La feuille de route de l’action économique en Corse
A l'occasion de la dernière séance de l'Assemblée du Corse du 28 octobre 2010, Jean Zucarelli, Conseiller exécutif, Président de l'Agence du développement économique de la Corse à présenté la feuille de route de l'action économique de la Collectivité Territoriale de Corse pour la période 2010-2014.

Une politique de modernisation des dispositifs de financement de l’économie

Jean Zucarelli, Président de l'ADEC
Jean Zucarelli, Président de l'ADEC
La Collectivité Territoriale de Corse s'est engagée dans une politique de modernisation des dispositifs de financement de l’économie, mouvement qui a atteint son point d’orgue par une transformation importante des modes de financement du développement économique. Elle a ainsi abandonné la subvention d’aide directe aux entreprises au profit d’une gamme cohérente d’outils financiers adaptés aux attentes des entreprises et des porteurs de projets.
 
Ce mouvement s’est inscrit dans la croissance économique mondiale et nationale qui a donné lieu à la production de statistiques positives tant en termes de création d’entreprises que de création d’emploi.

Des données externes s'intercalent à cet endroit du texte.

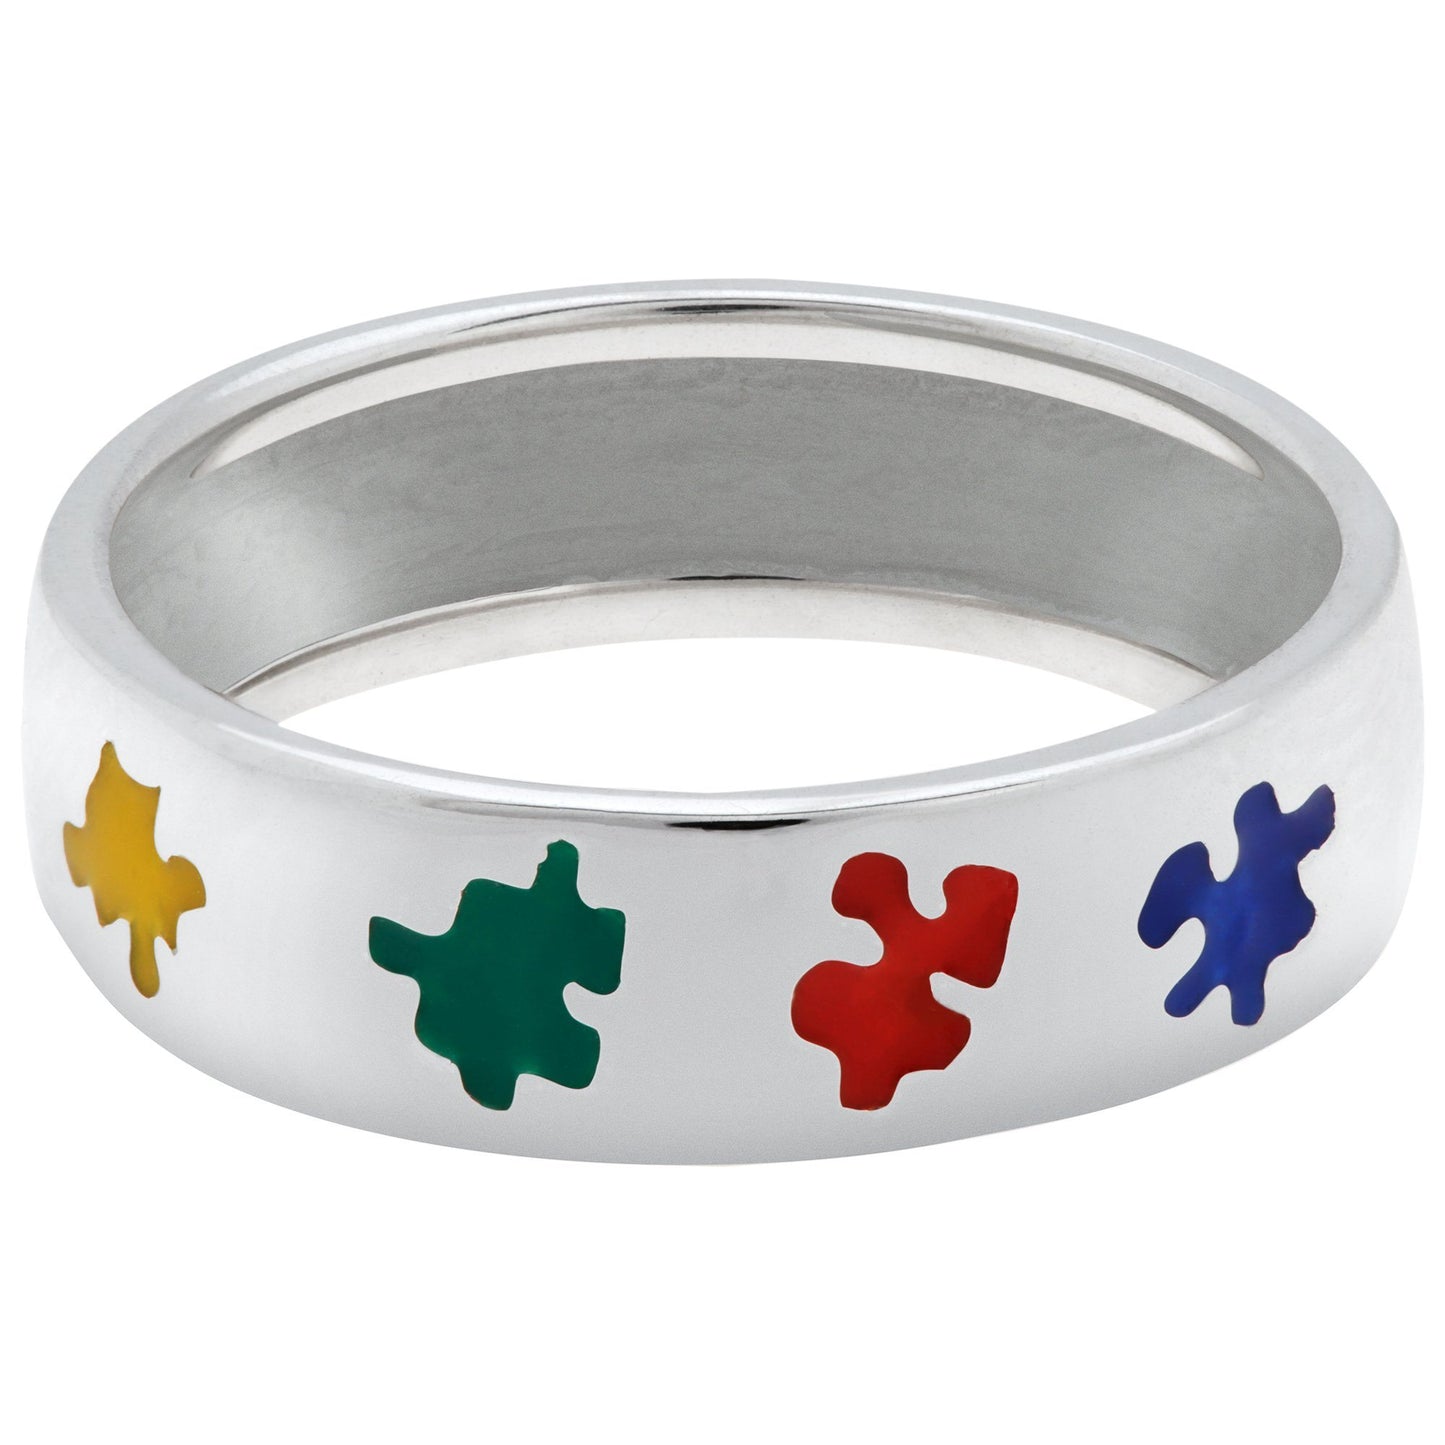 Puzzle Piece Autism Awareness Sterling Ring

C’est en partant de ce contexte favorable que les documents structurants qui accompagnent la stratégie de développement de la CTC ont été élaborés et l’on pense, en premier lieu, au Programme Opérationnel Feder, au Contrat de Projets Etat-Région aussi qu’au Schéma Directeur de Développement Economique.

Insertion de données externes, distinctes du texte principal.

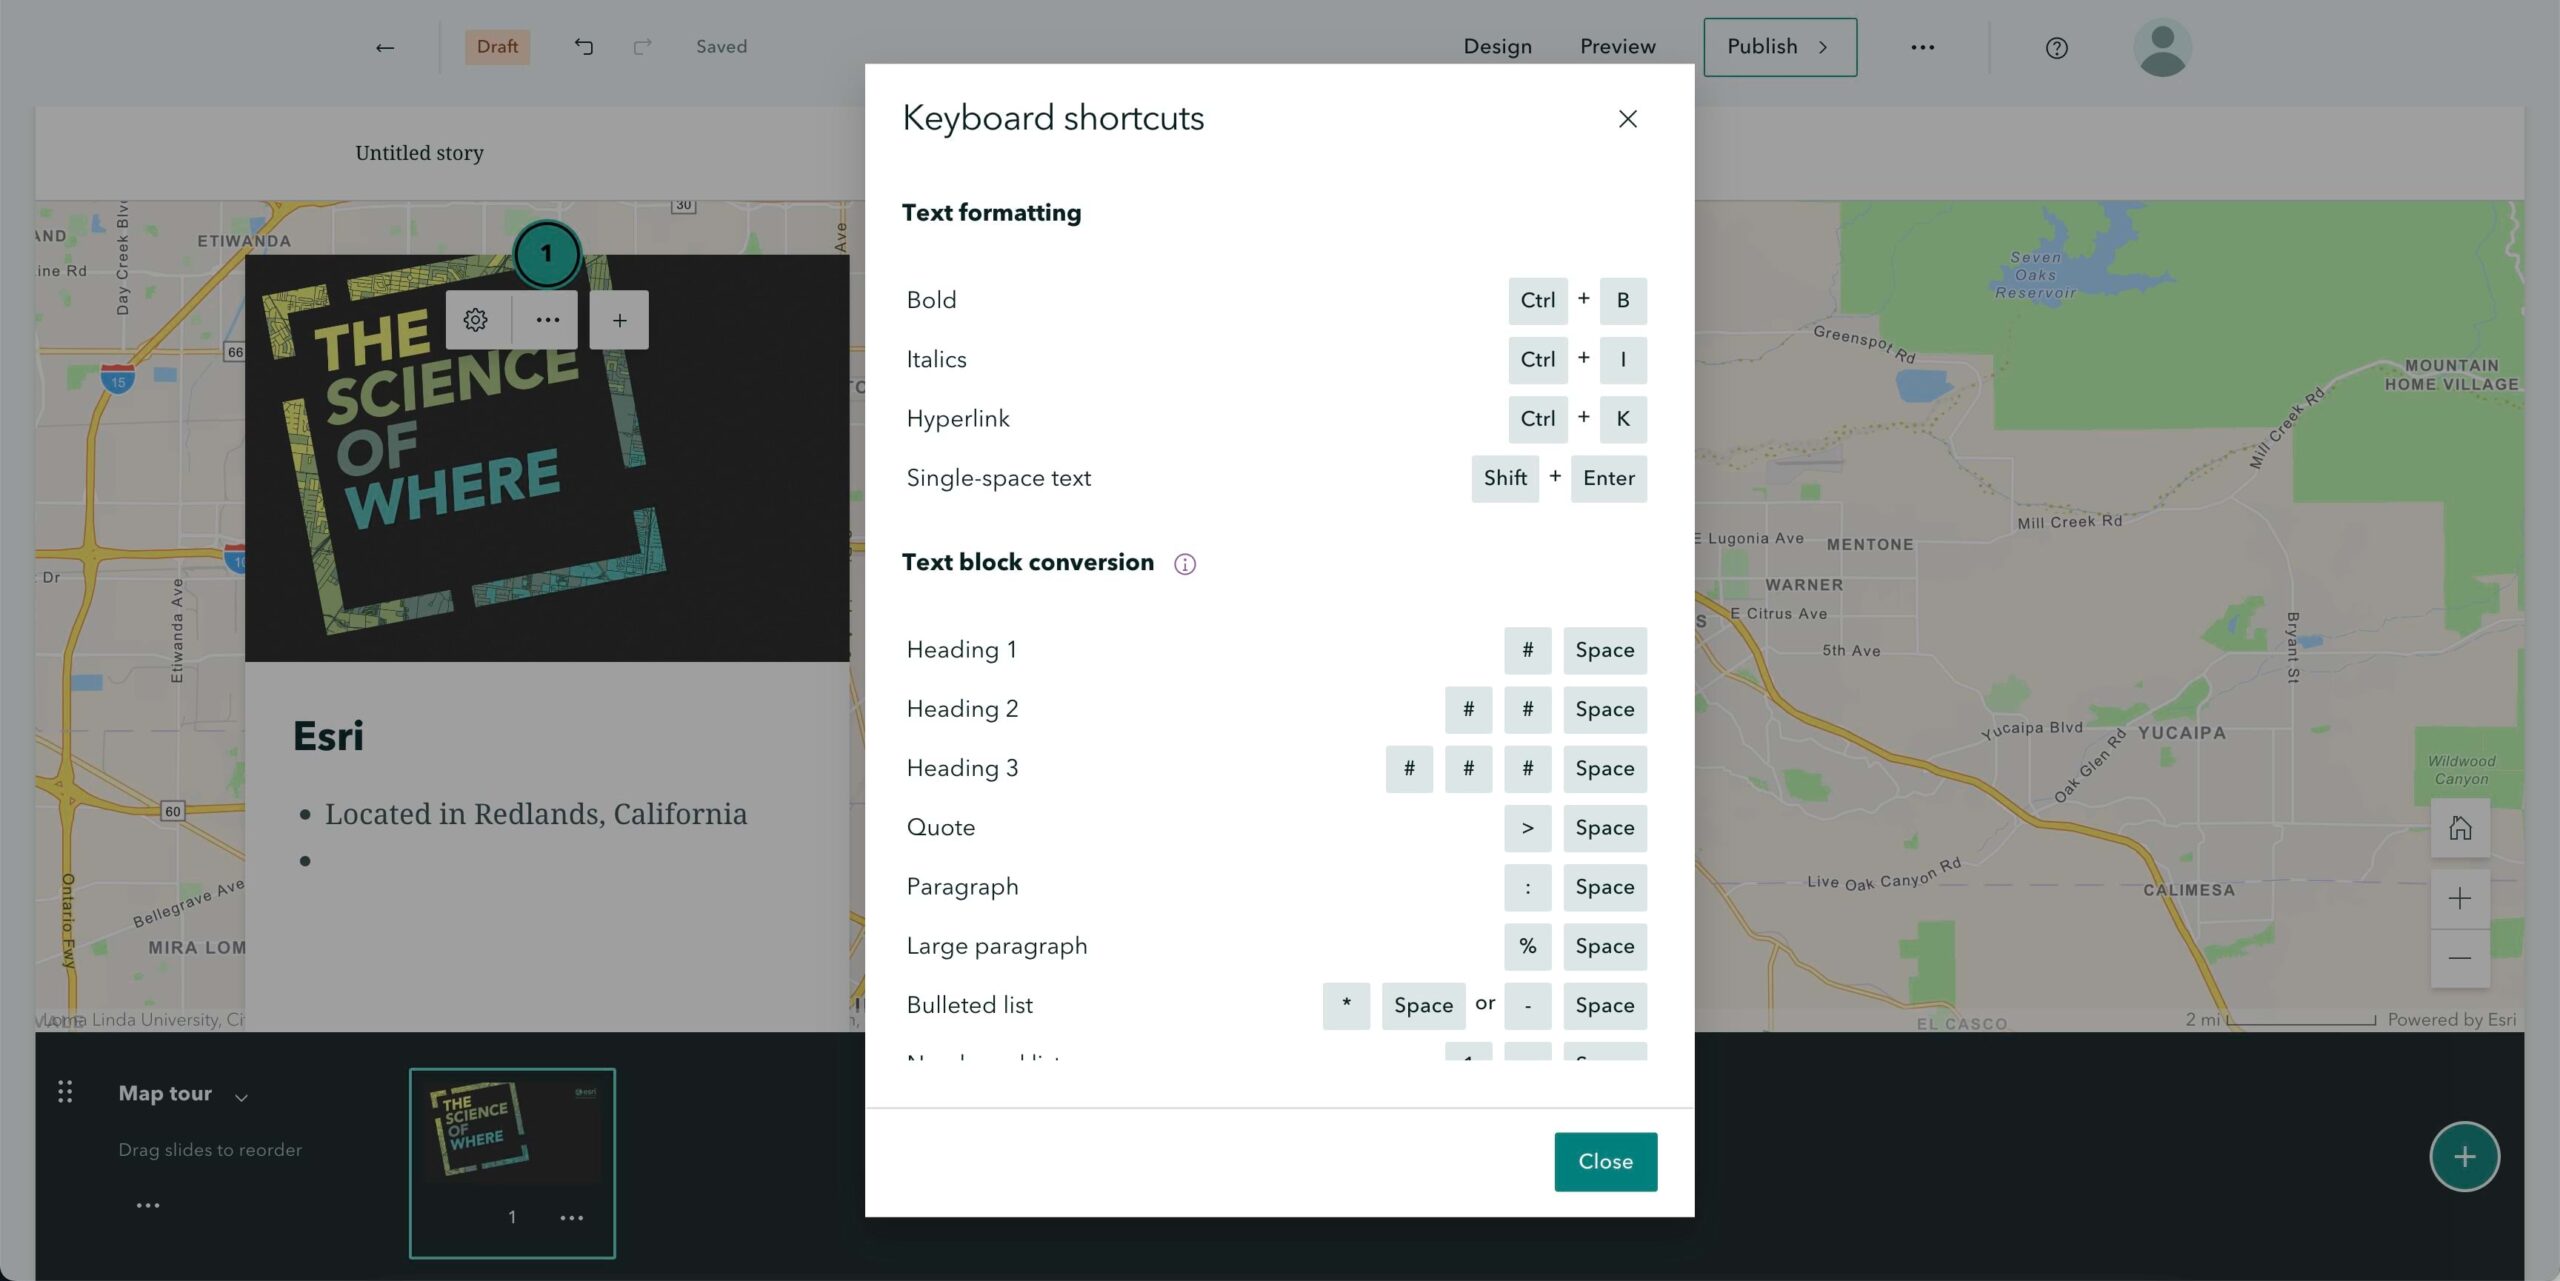 The keyboard shortcuts to help you format map tours are shown in the ArcGIS StoryMaps builder.

Aujourd’hui, le contexte de crise financière, économique, sociale et climatique doit conduire les acteurs économiques à relever les nouveaux défis économiques et environnementaux pour parvenir à une situation de compétitivité renforcée et de croissance, tout en recherchant une utilisation efficace et modérée des ressources ainsi que le recours à des énergies renouvelables.

Il faut souligner que le nombre de demandeurs d’emploi inscrits à Pôle emploi s’établit à 11 686 personnes en Corse fin juillet 2010. Sur un an,  la hausse s’établit à 13 % en Corse contre + 5,4 % en France continentale aggravant les difficultés d’insertion de certains publics (les jeunes, les femmes et les plus de 50 ans).

L’aggravation du chômage a été d’ailleurs déjà ressentie par la population notamment en termes de précarité croissante due également à certains mécanismes mis en œuvre par le gouvernement comme l’auto-entrepreneuriat qui destructure l’emploi salarié.

La Corse doit maintenant inventer son propre modèle de développement, de croissance durable qui dépasse le simple cadre des emplois dans les filières environnementales, et qui serait une nouvelle façon de concevoir le développement économique, respectueuse des hommes et des milieux naturels.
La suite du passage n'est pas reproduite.